- _Task description_: Give back the full listing as written. No pictures go with it.

BEGIN Dataset content

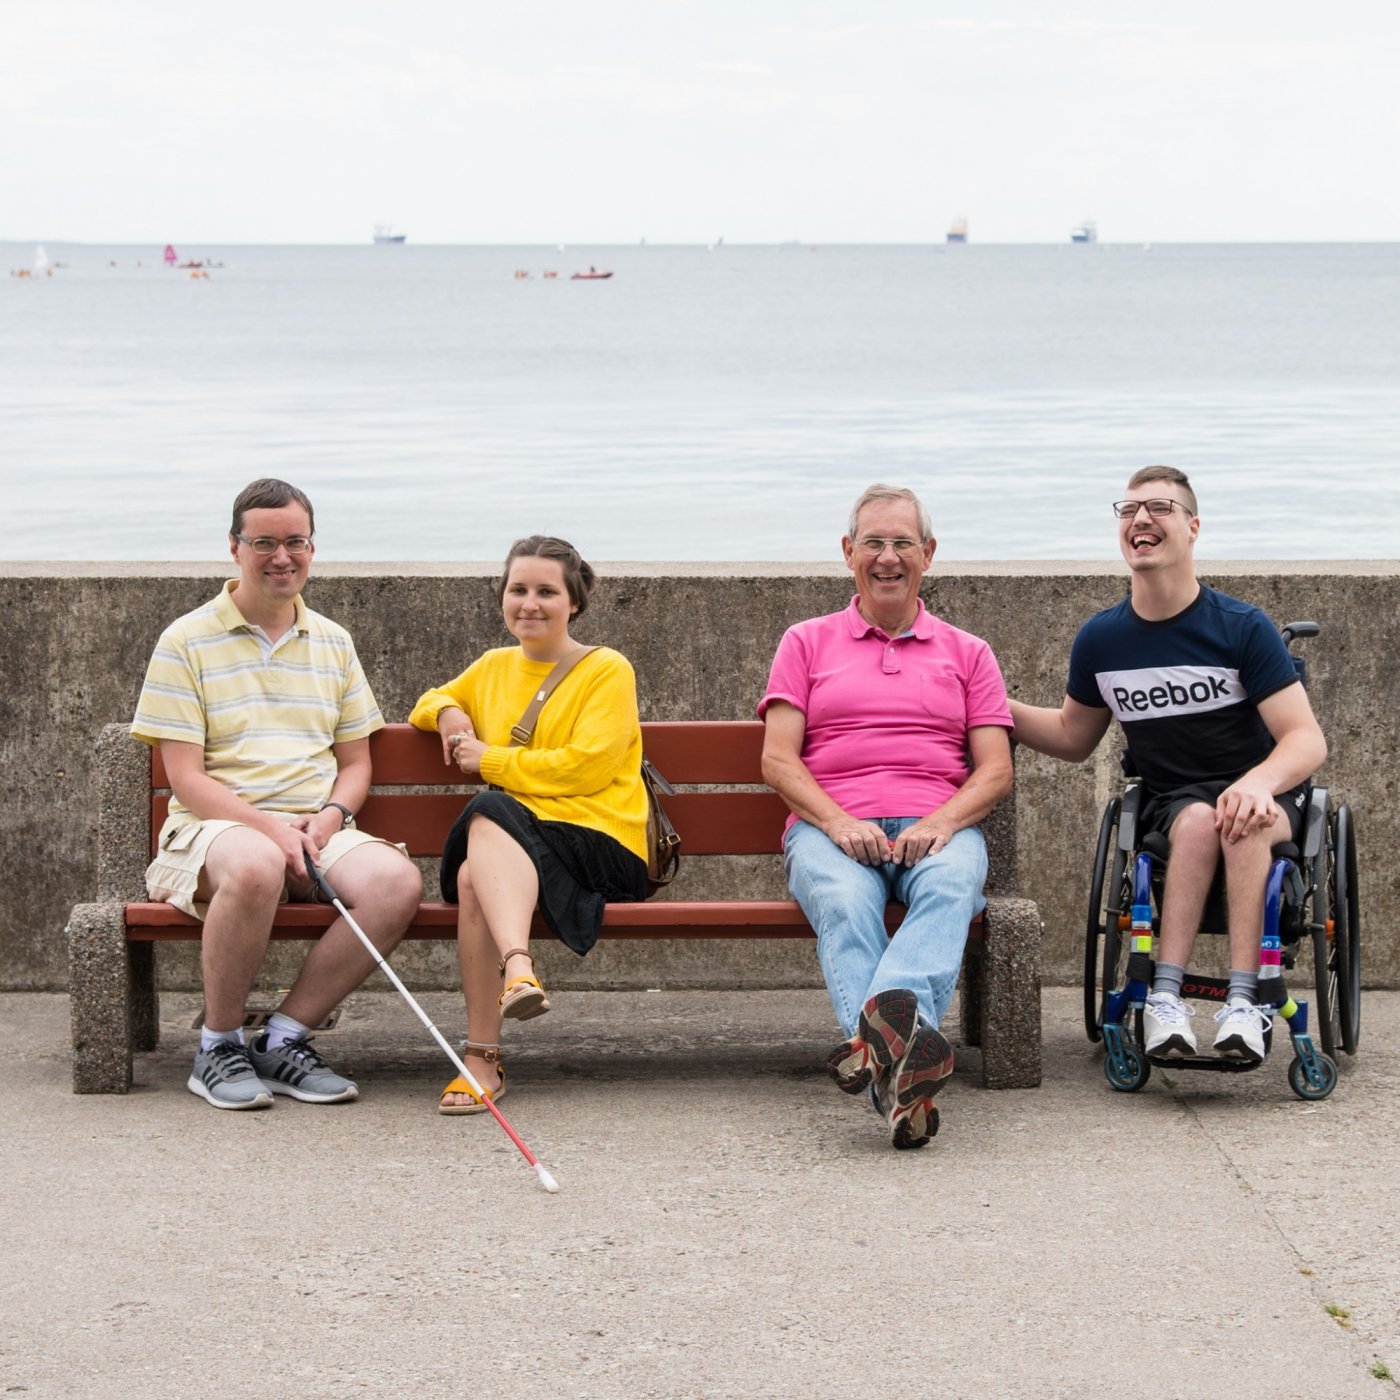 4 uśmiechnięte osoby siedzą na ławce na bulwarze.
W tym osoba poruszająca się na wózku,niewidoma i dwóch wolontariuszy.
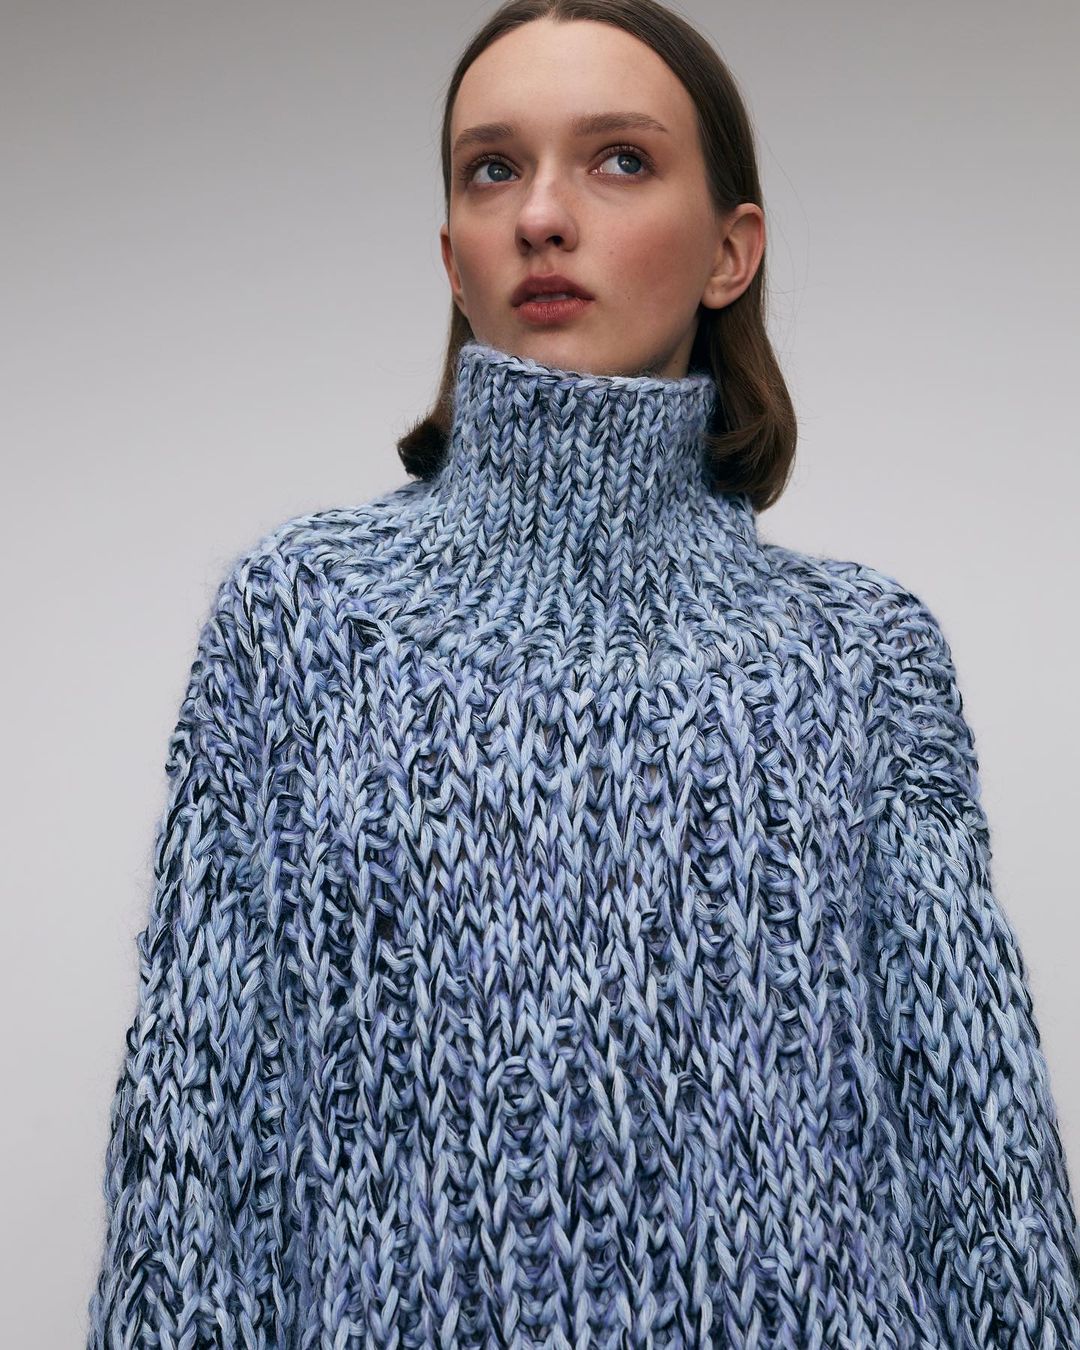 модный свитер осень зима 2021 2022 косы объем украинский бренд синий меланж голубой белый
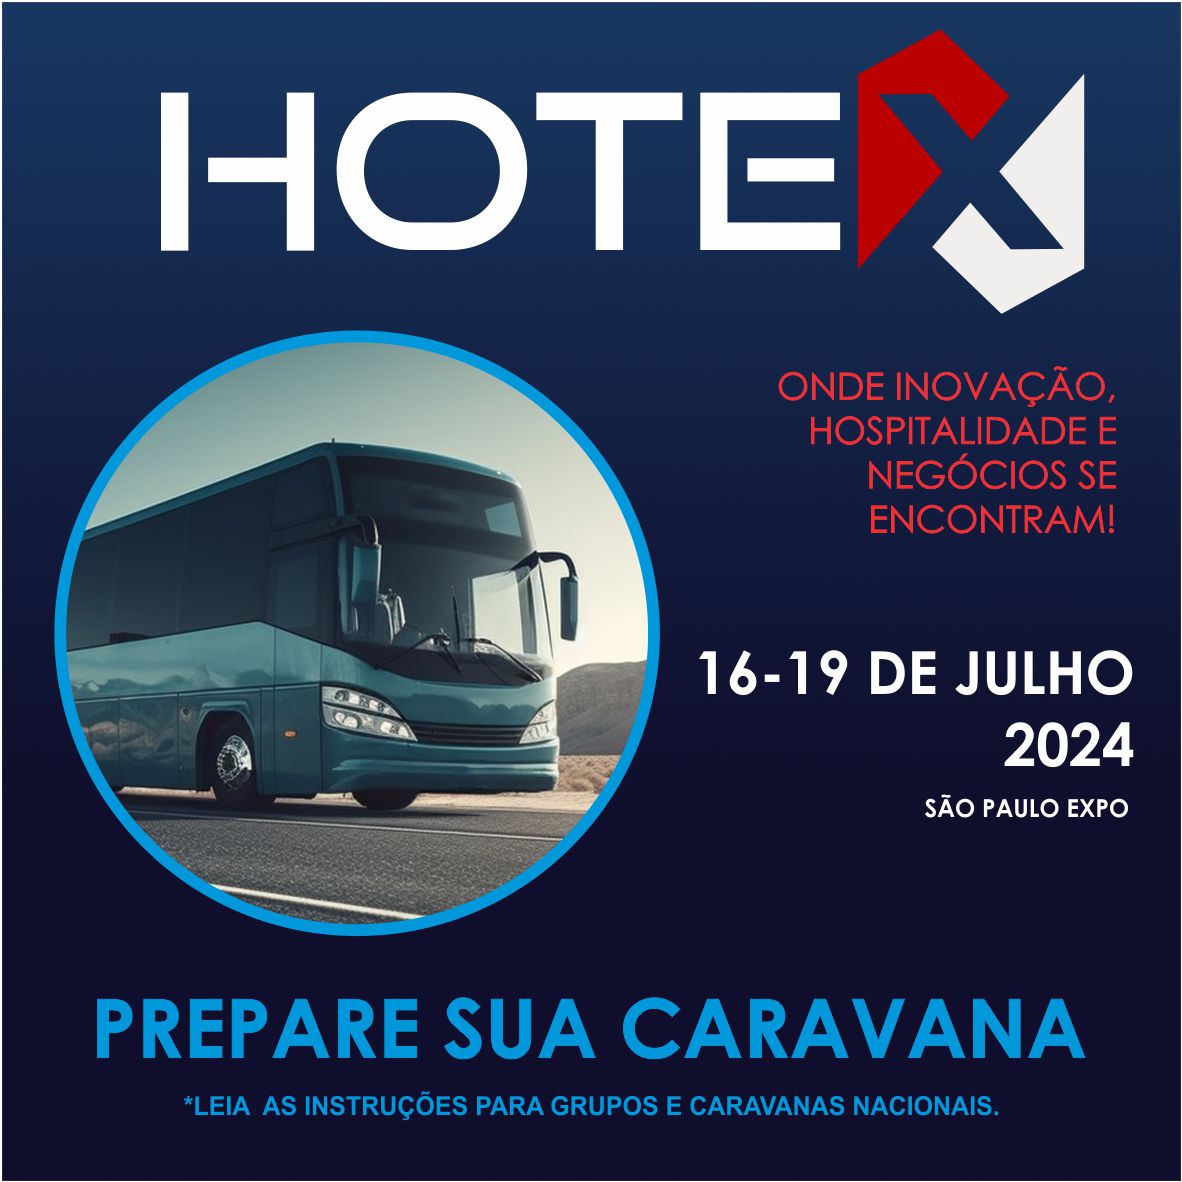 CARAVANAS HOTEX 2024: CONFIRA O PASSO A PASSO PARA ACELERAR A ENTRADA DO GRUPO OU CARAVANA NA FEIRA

END Dataset content

- _Response area_:
 4 uśmiechnięte osoby siedzą na ławce na bulwarze.
W tym osoba poruszająca się na wózku,niewidoma i dwóch wolontariuszy.
 модный свитер осень зима 2021 2022 косы объем украинский бренд синий меланж голубой белый
 CARAVANAS HOTEX 2024: CONFIRA O PASSO A PASSO PARA ACELERAR A ENTRADA DO GRUPO OU CARAVANA NA FEIRA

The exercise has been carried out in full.